Scientists knew that the arch on the inside of the foot, called the longitudinal arch, makes the foot more rigid, thanks to the arch’s shape and elastic tissues stretching beneath it like a bow and string. How much the bend across the metatarsals helps make feet more firm was unknown.
The role that the transverse tarsal arch plays in foot stiffness is like what happens when a piece of paper is somewhat curled. “Hold [a dollar bill] with your fingers at one end of its length, and it flops down,” says Madhusudhan Venkadesan, a mechanical engineer at Yale University. “But press down with your thumb to slightly curl it along the width, and the bill will stiffen and become straighter.”
Knowing how human feet evolved to walk and run could help experts design better prosthetics or treat people with flat feet. Most prosthetic feet, for instance, are designed for walking. Those who want to run need something different — a stiff prosthetic shaped like a blade.

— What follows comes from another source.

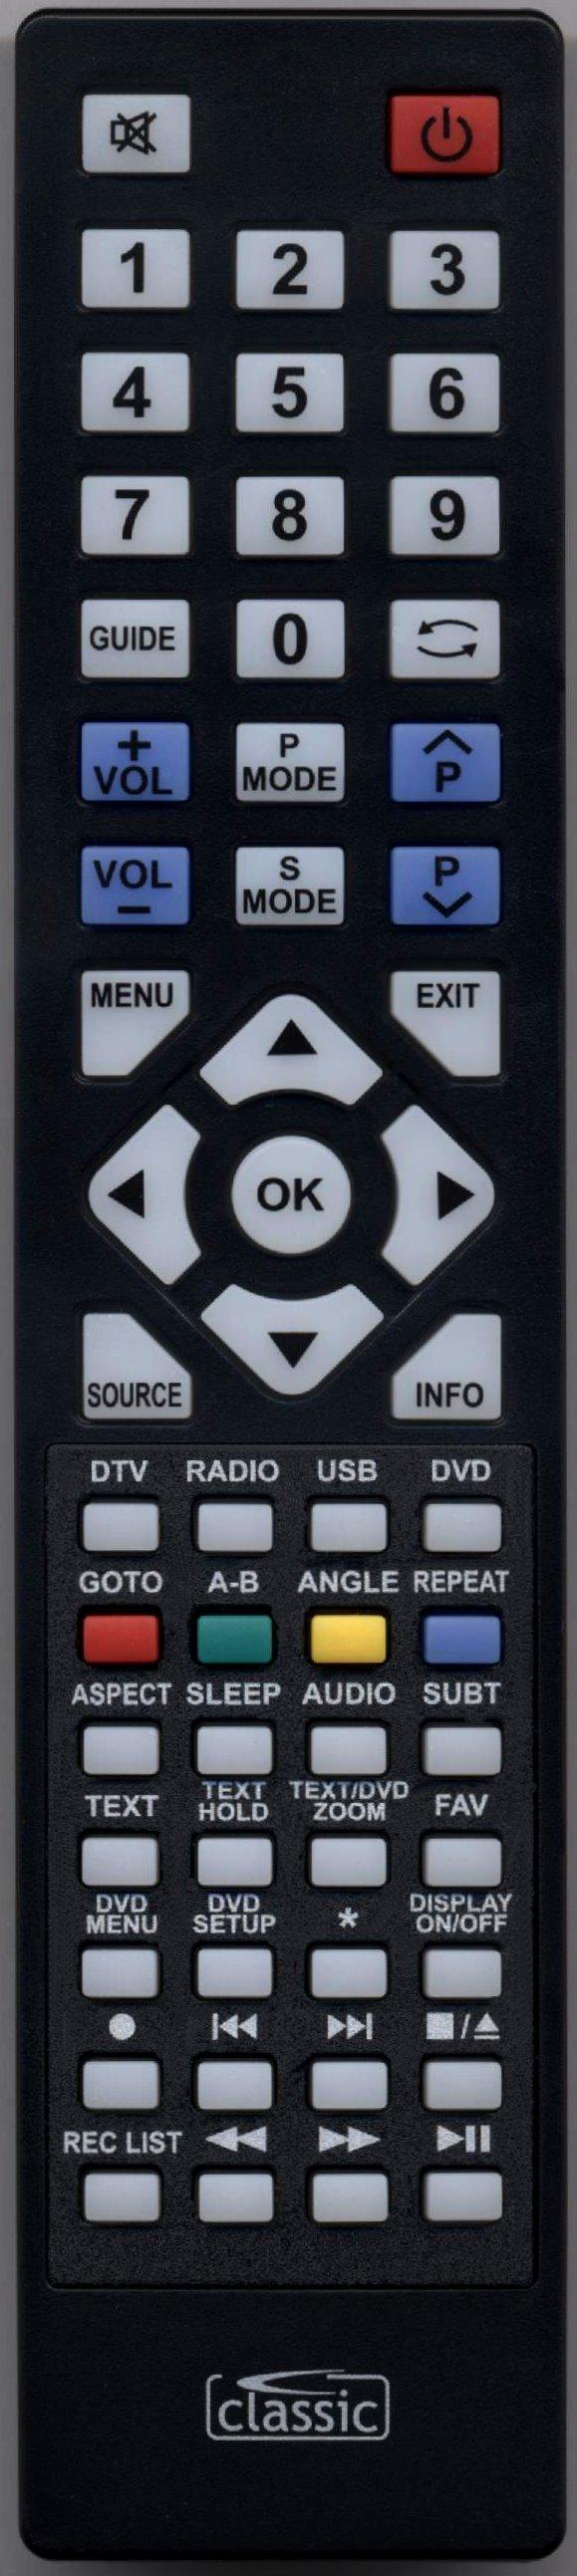 Blaupunkt 23-157I-GW-3W-HBKDUP-UK Remote Control

The study is “exciting for those of us that live and die for foot evolution,” says Patricia Kramer, a paleobiomechanist at the University of Washington in Seattle who was not involved in the work. The study is an excellent example of combining traditional biological anthropology with engineering principles to better understand aspects of the foot, she says.
Venkadesan and his colleagues tested the stiffness of three types of curved structures, including a thin sheet, mechanical structures mimicking feet and two feet from cadavers, and found that a transverse arch makes materials more rigid. When the researchers cut tissues between the bones that comprise the transverse arch in cadavers, the foot’s stiffness went down by up to 54 percent.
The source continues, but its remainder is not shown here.